Actually, my grandfather got plenty of exercise. He and my grandma frequently took me and my siblings and cousins on long walks. Once we walked up Great Orme in Wales. Not bad for a pensioner.

lets make a law that straps sedentary people into a treadmill for twenty minutes a day

The treadmill wasn't required as he was an avid walker.

or maybe it was all that fresh fruit he ate that was covered in bug killer chemicals

No, he grew most of his own fruit and veg. And people here tend to wash their fruit before eating it when it's been bought from a supermarket. You never know where a fruit-picker's hands have been.

or he lived too close to the airport,

Sorry, you miss again. Closest airport being over an hour's drive away.
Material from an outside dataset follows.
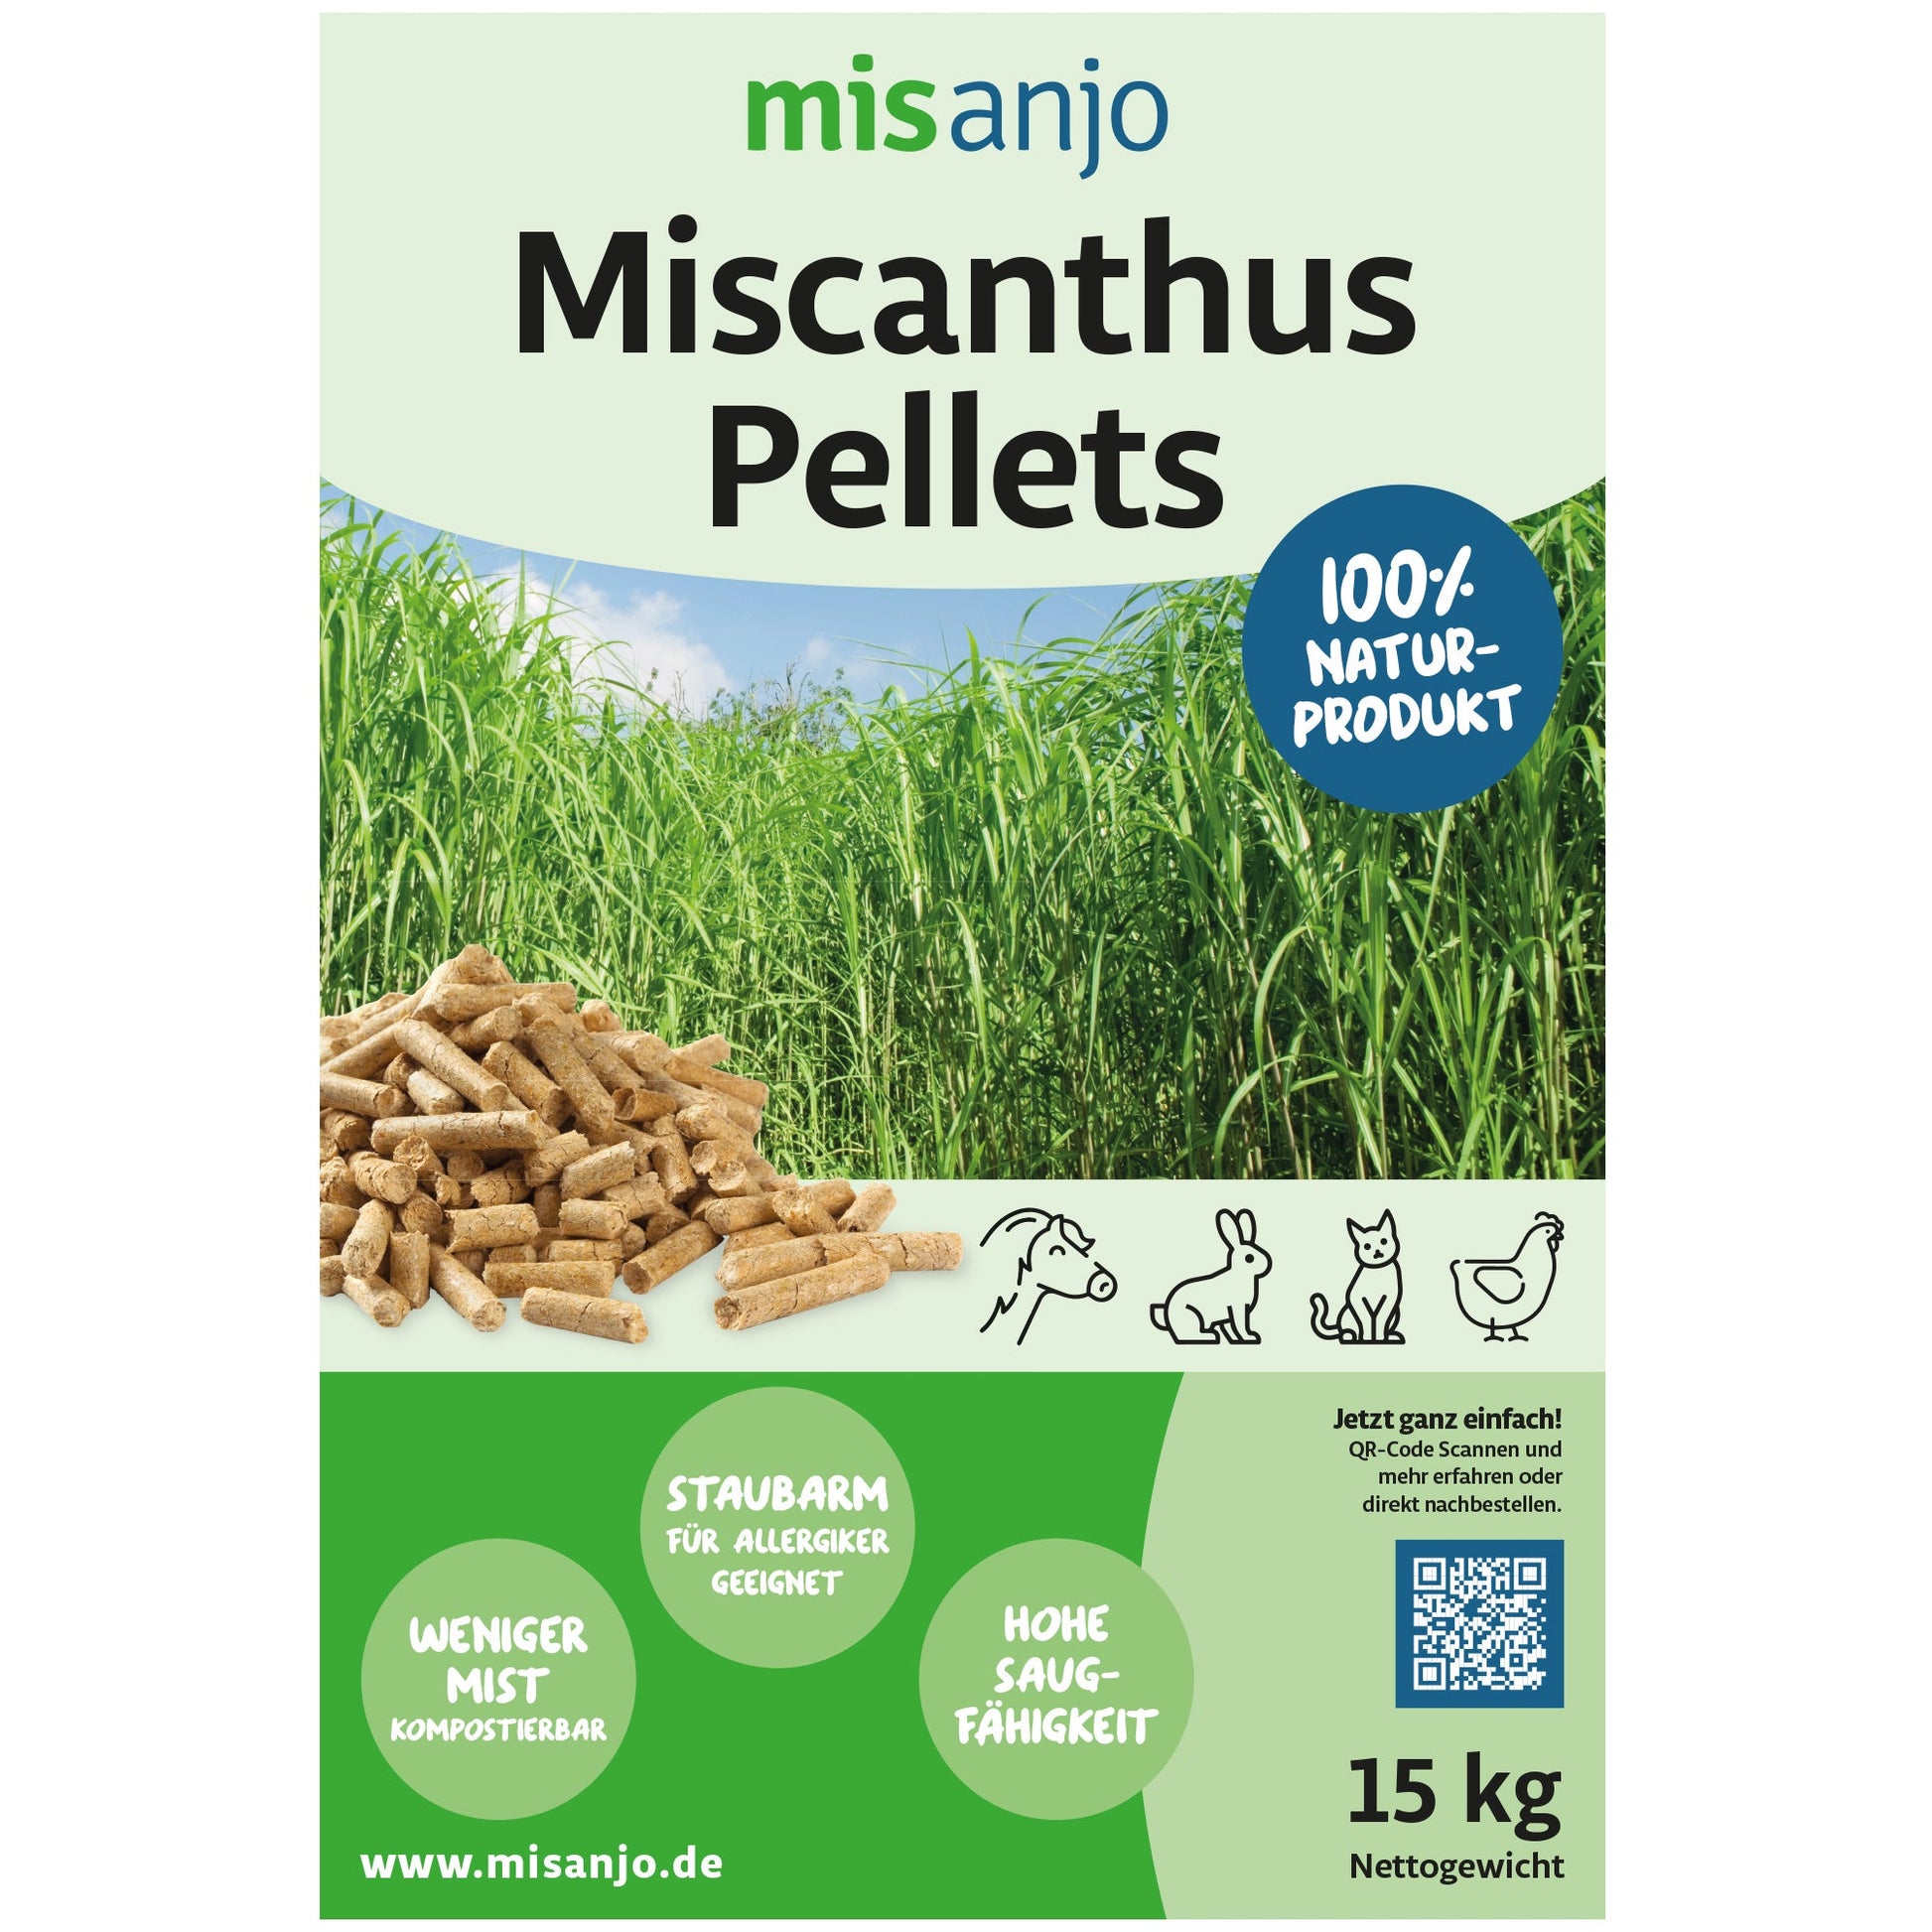 Miscanthus Pellets 15 kg Naturprodukt, staubarm, hohe Saugfähigkeit

why did the damned fool work with dangerous construction materials like arsenic or creosote treated lumber and fiberglass insulation for years and years?

He didn't. He was a retired teacher.

He should have become a college professor instead

Yes, he was a teacher.

and lived in the jungle eating natural food and drinking pure water,

Well, his garden DID look somewhat jungle-like, at times. The greenhouse where he grew tomatoes was definitely jungle-esque.
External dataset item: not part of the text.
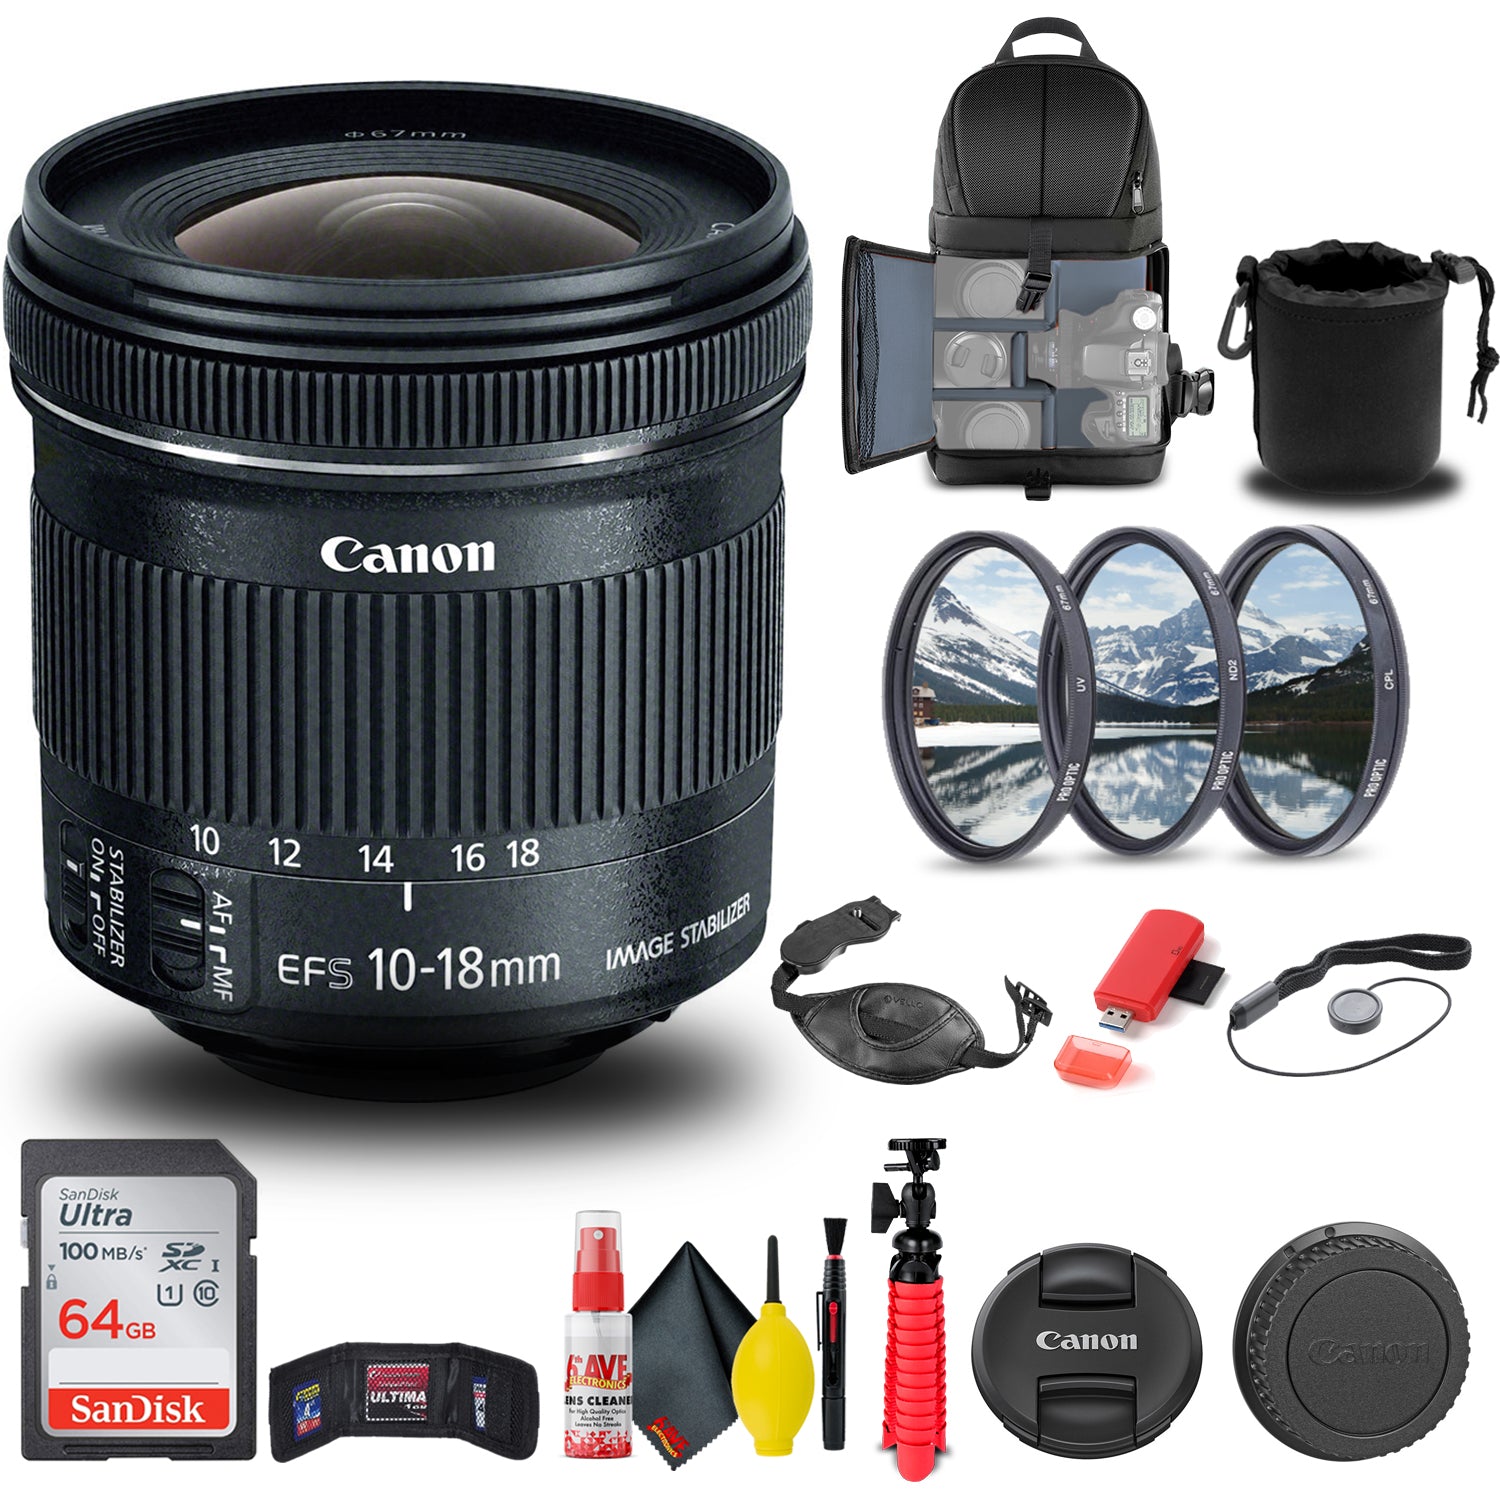 Canon EF-S 10-18mm f/4.5-5.6 IS STM Lens (9519B002) + Filter + BackPack + More

I told him that microwave oven would be his downfall but nooo, he kept using it anyway eating poisonous frozen dinners.

Why would he use a microwave and eat poisonous frozen dinners when my grandma would cook home-made meals for him every day? I think those straws are slipping from your grasp.

Serves him right to die at the young age of seventy two.
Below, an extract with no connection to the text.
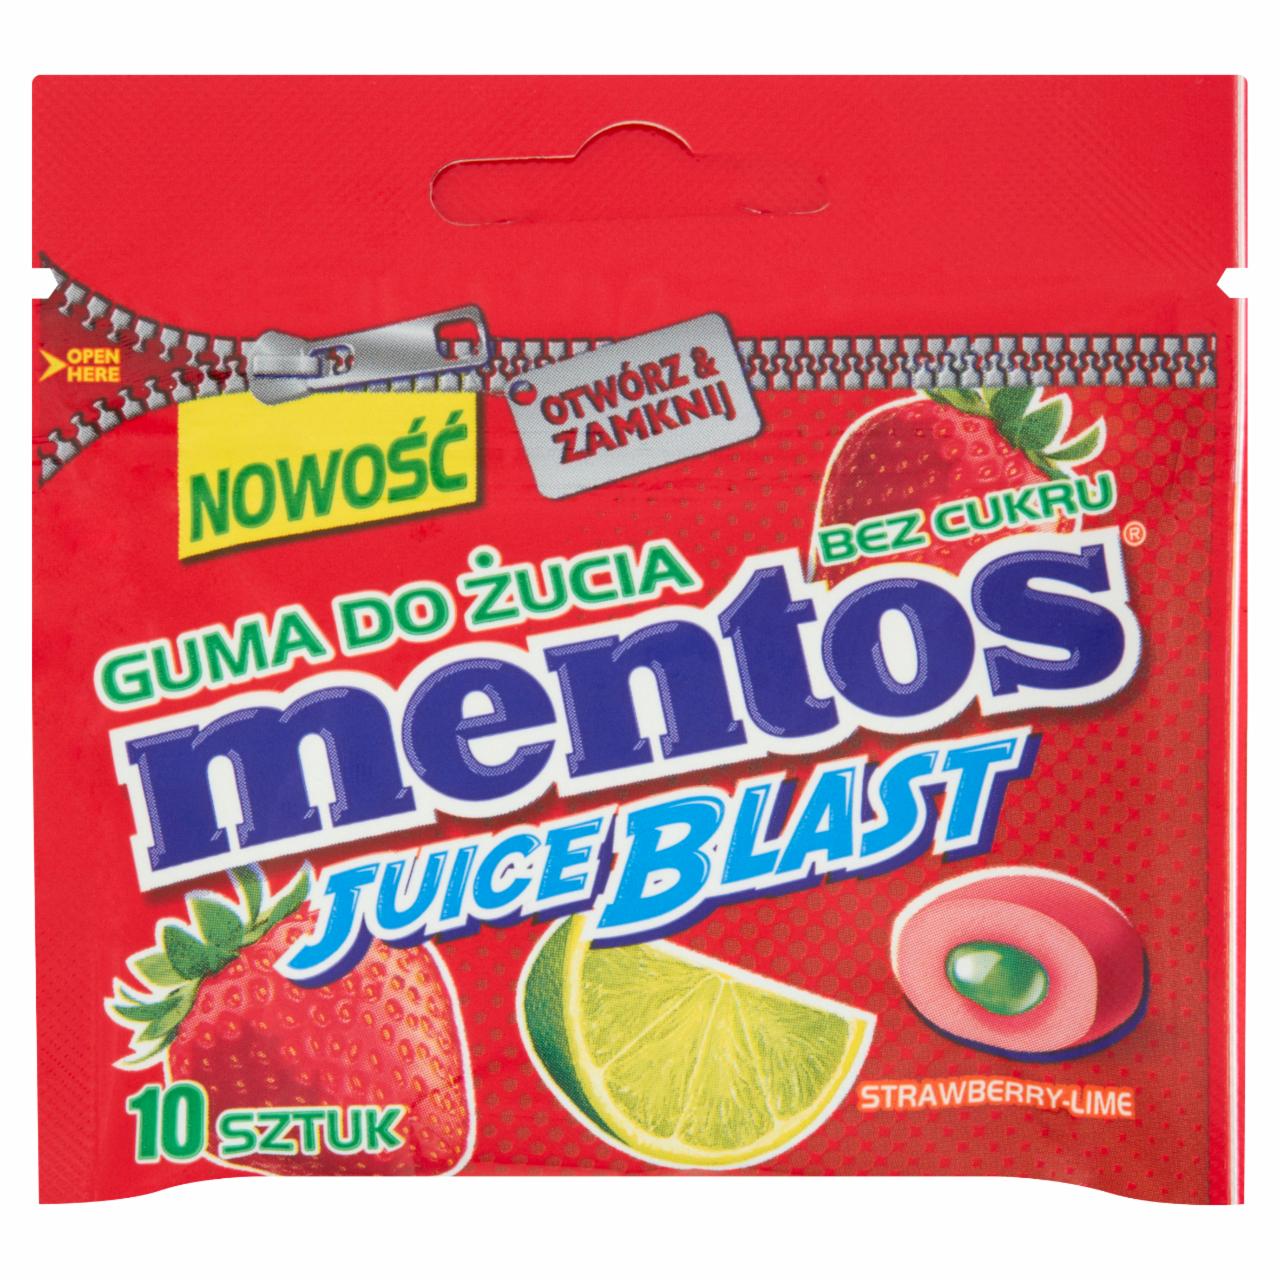 Zdjęcia - Mentos Juice Blast Truskawka Limonka Guma do żucia bez cukru 15 g (10 sztuk)

Yes, serves him right for smoking. Even when the angina started, he kept doing it until eventually he had a heart attack and died.

Archonsod said:
Smoking actually helps relieve the symptoms of Asthma, particularly immune response triggered. Kills off the little hairs which tell your lungs to react.

My sister must've been faking all those asthma attacks she had, then.
 
I wasn't picking on your grandfather Pharoah, I never even met the man. I was just making a hypothetical example I never meant it to be personal I only wrote the word angina because it was the last disease that I read in the thread. I should have wrote tongue cancer or something. I'm sorry that I made you angry.
 
That's okay. I'm well aware that smoking affects different people in different ways. Some people can smoke all their lives and live healthily into their nineties. Others develop breathing problems as they age. In my grandfather's case, he lived with angina for a good year or two, and ignored the doctors' warnings to quit. In the end, it was that which killed him. It doesn't kill everybody, but I like to think that if my granddad had given up smoking, he might have lived long enough to meet his first great-grand kid.
 
I think forcing people not to do things, because it's could one day decades away kill them is pointless. From what old people tell me you only get a 50-60 years of "good" living. That means without health complications. Of course the life expectancy and health care will one day increase that number, but until then smoke away if you want.
 
Archonsod said:
I'm allergic to grass pollen too, but I don't insist the council consult me before cutting the grass outside my home.

Wait, wait, wait. The government mows your ****ing lawn FOR you???

Edit: NOW who's living in a Nanny state?  :razz:
 
Those damned socialists living good lives, it is outrageous. He probably meant the grass near the road not his own front lawn.